**Dataset content:**
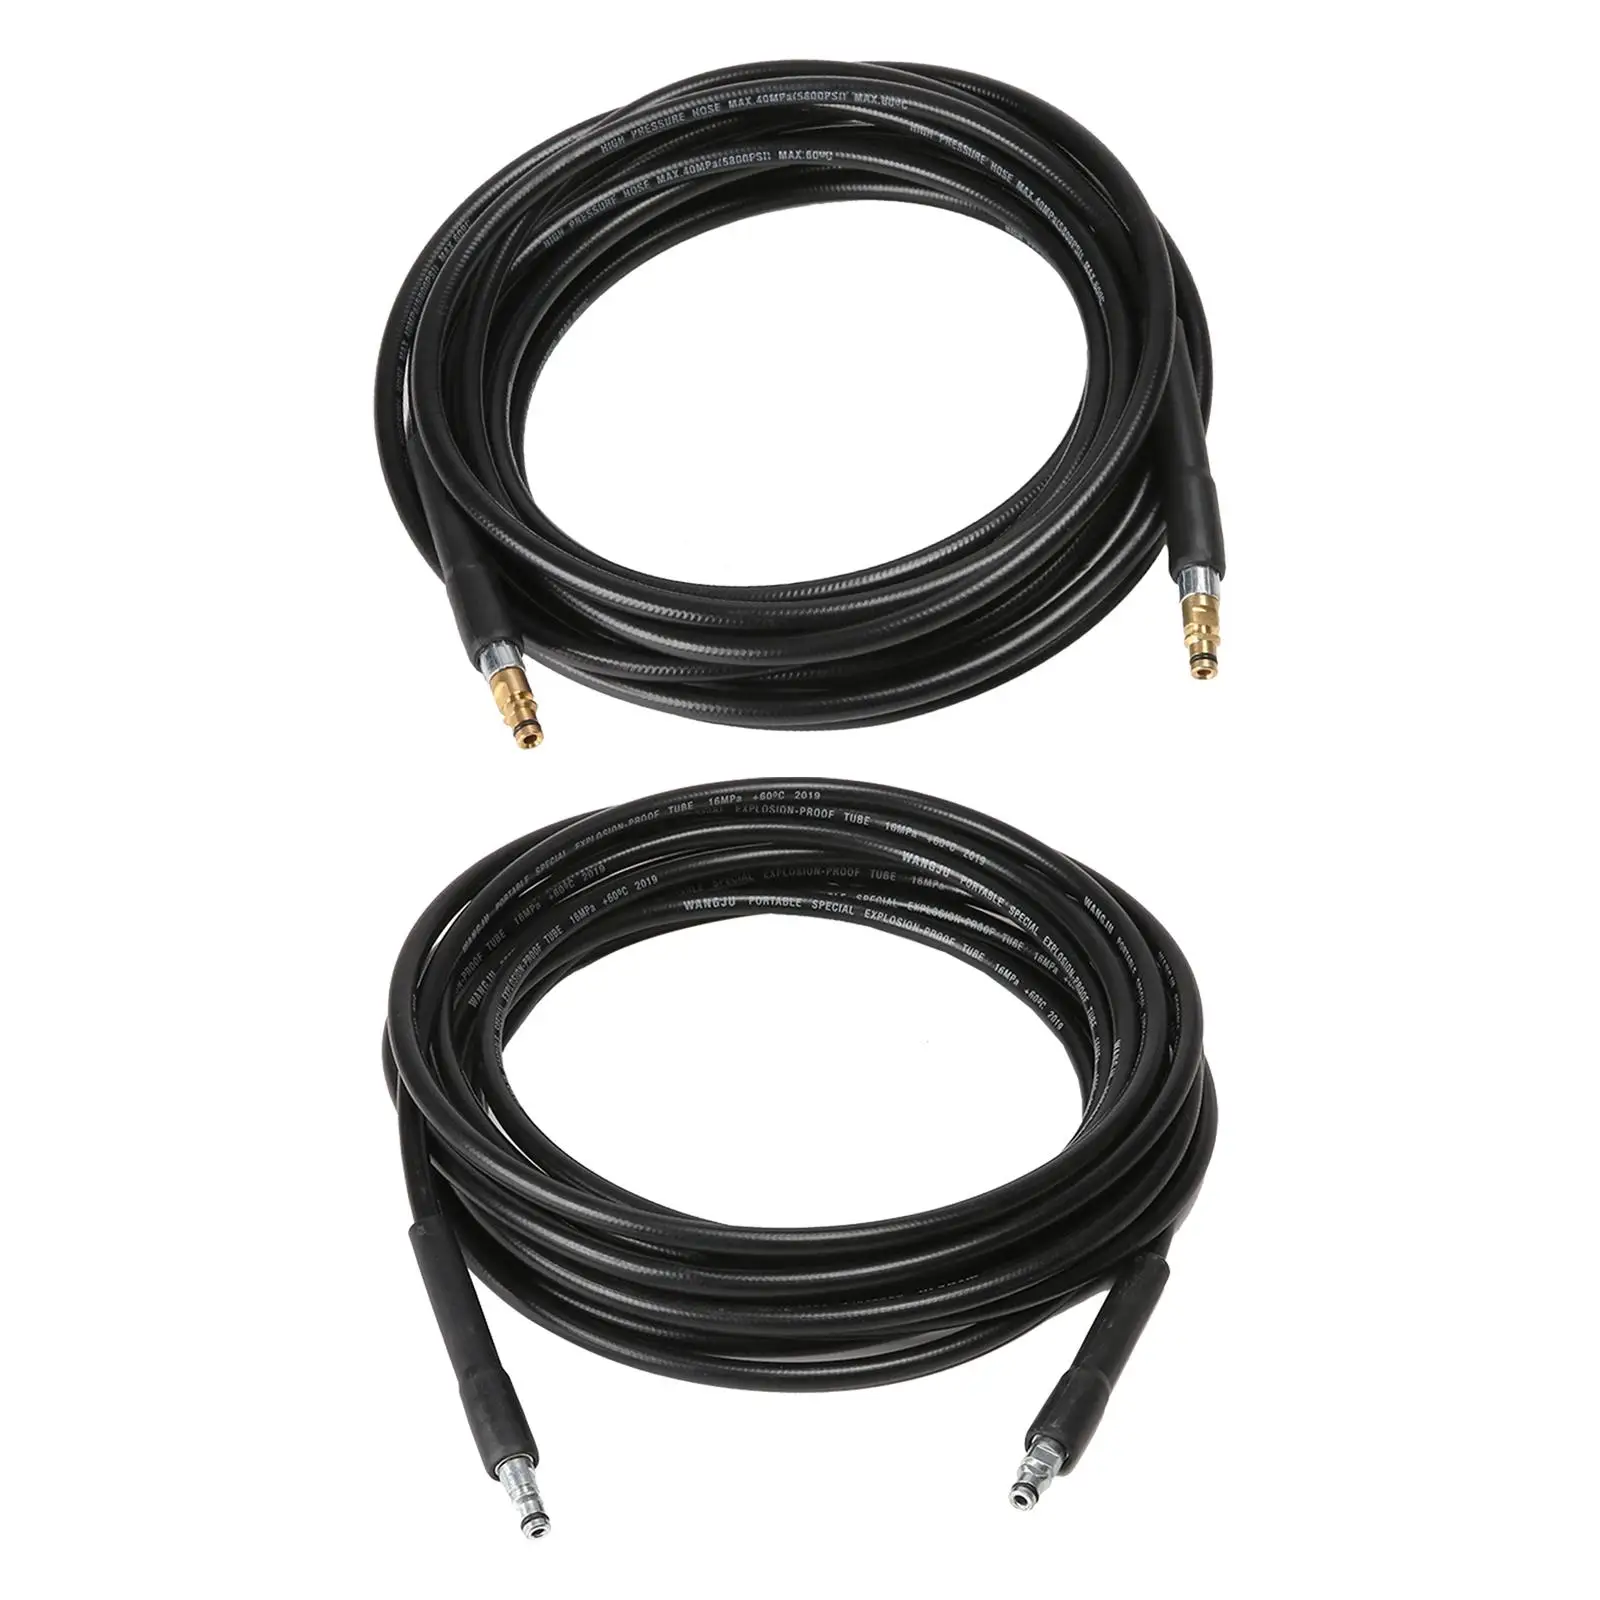 Electric wash Hose 49ft Flexible Universal Rubber Accessories Replace Quick Connect Pressure Washing Extension Hose
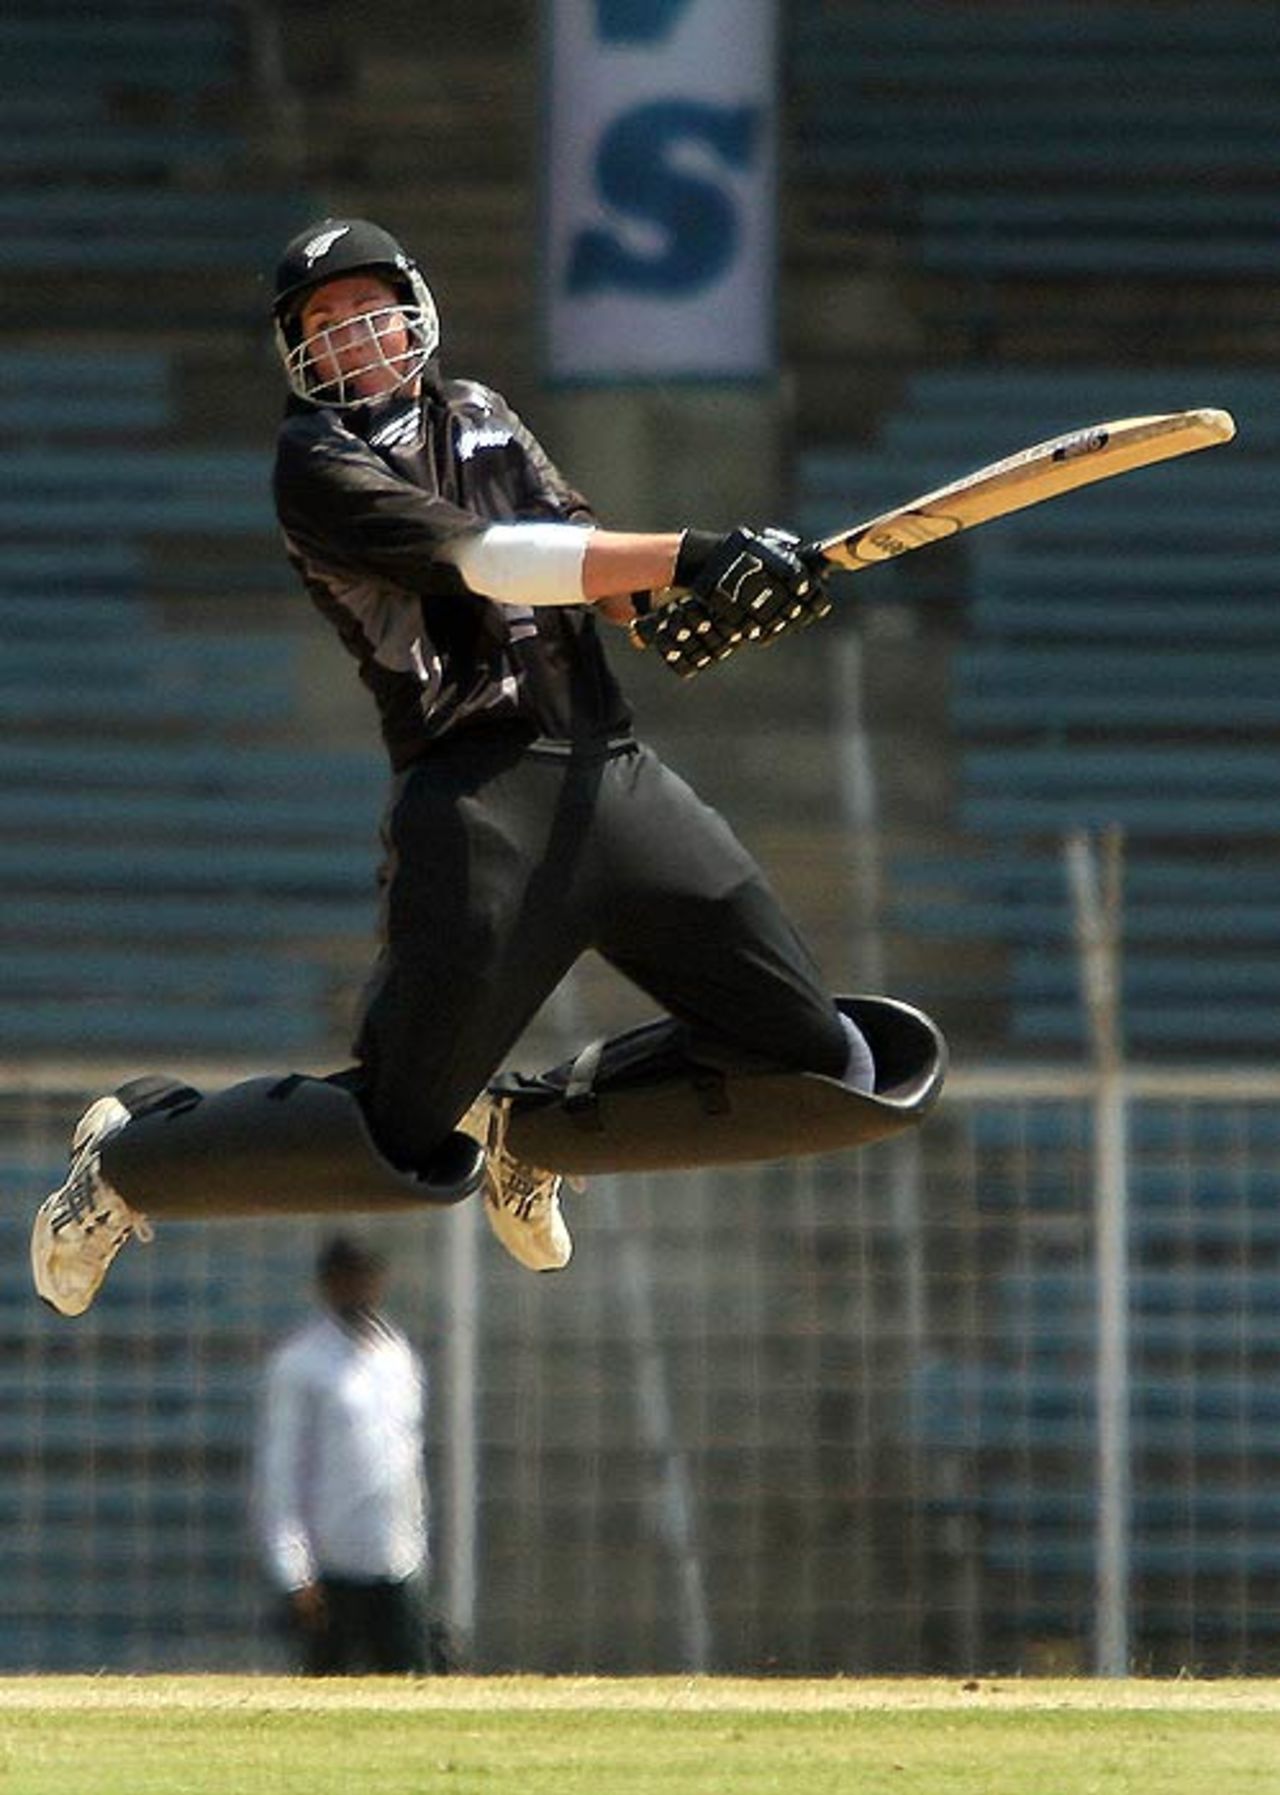 Nicola Browne forces one to the off side during the final, Australia v New Zealand, Final, Quadrangular Series, Chennai, March 5, 2007
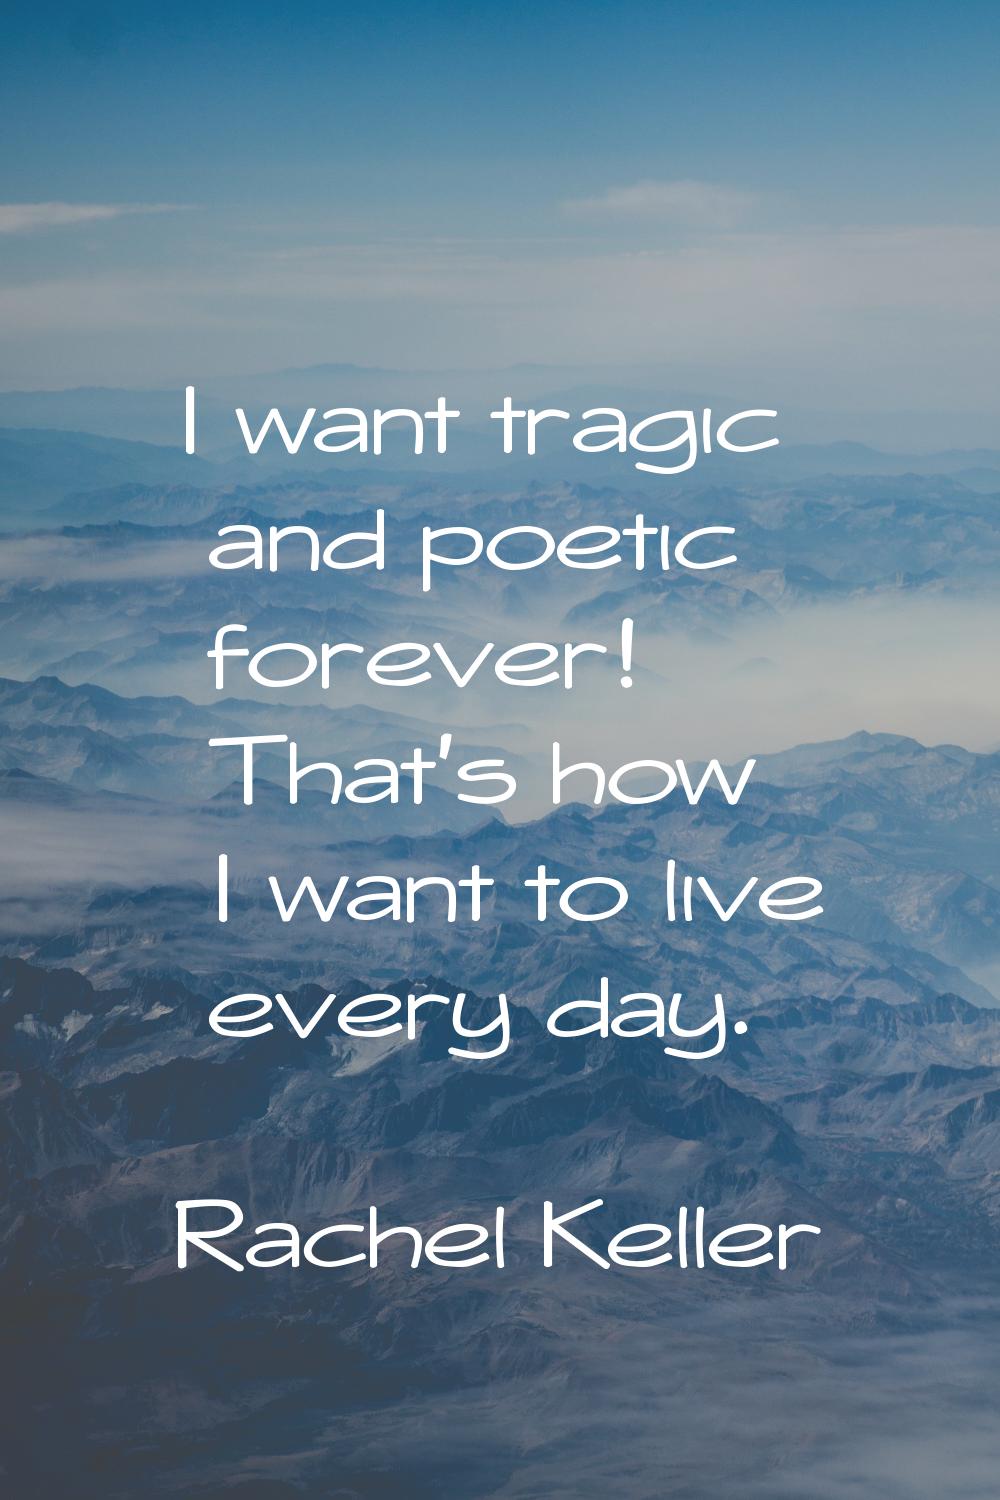 I want tragic and poetic forever! That's how I want to live every day.
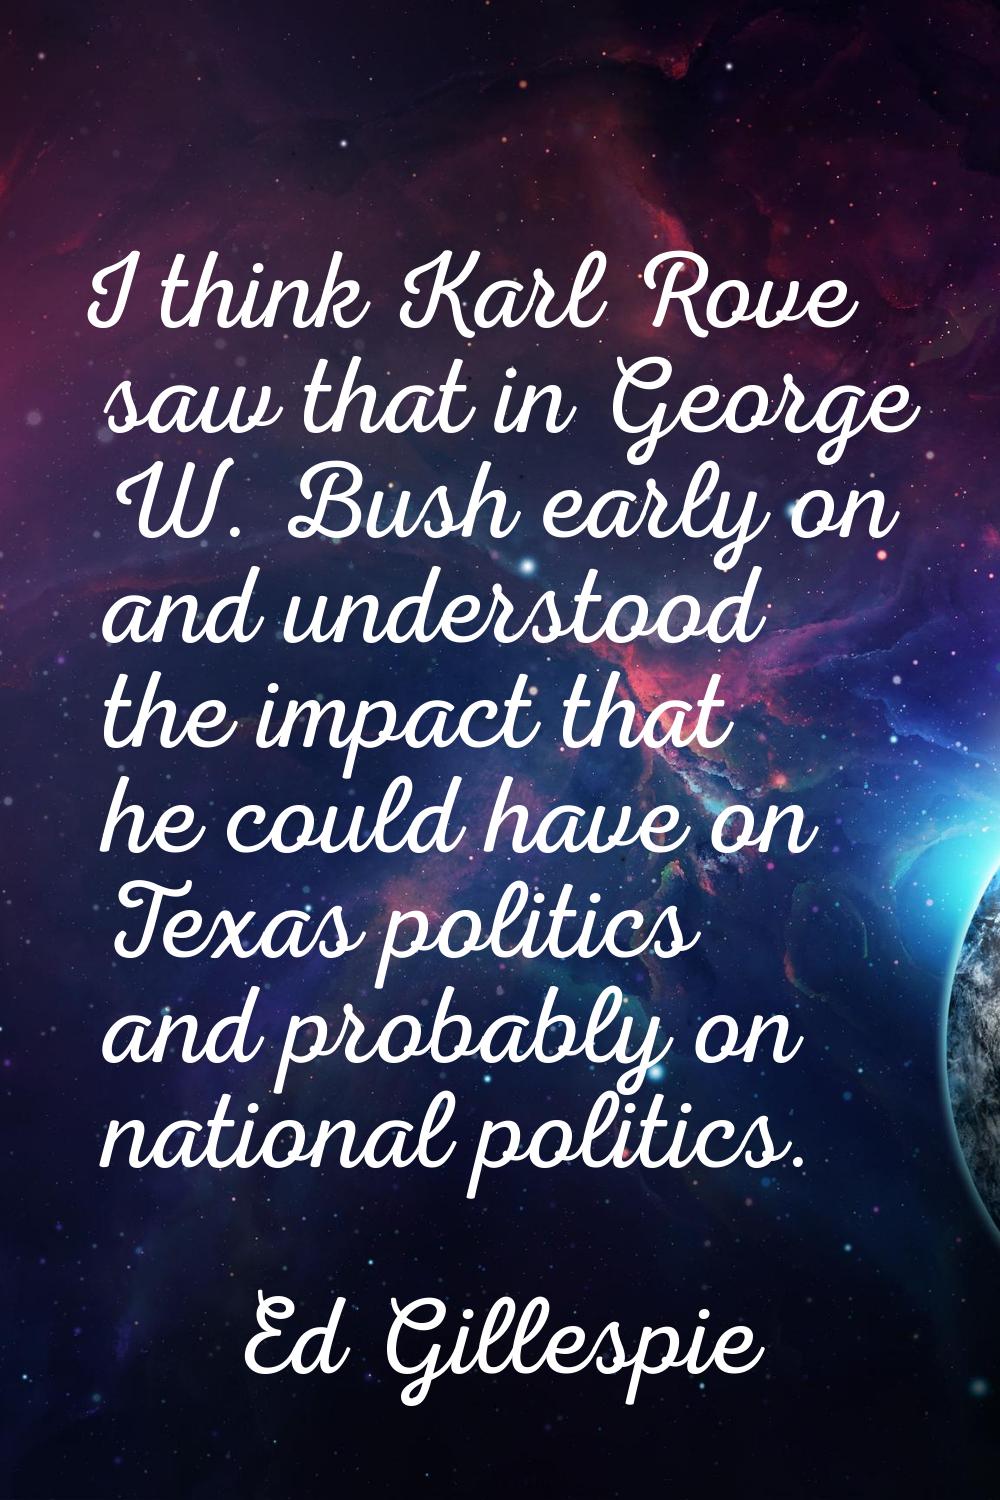 I think Karl Rove saw that in George W. Bush early on and understood the impact that he could have

**Work request:** Starting with the line that holds "I want tragic", repeat exactly every line through the end of the material above, both ends included, without the pictures.

**Result:**
 I want tragic and poetic forever! That's how I want to live every day.
 I think Karl Rove saw that in George W. Bush early on and understood the impact that he could have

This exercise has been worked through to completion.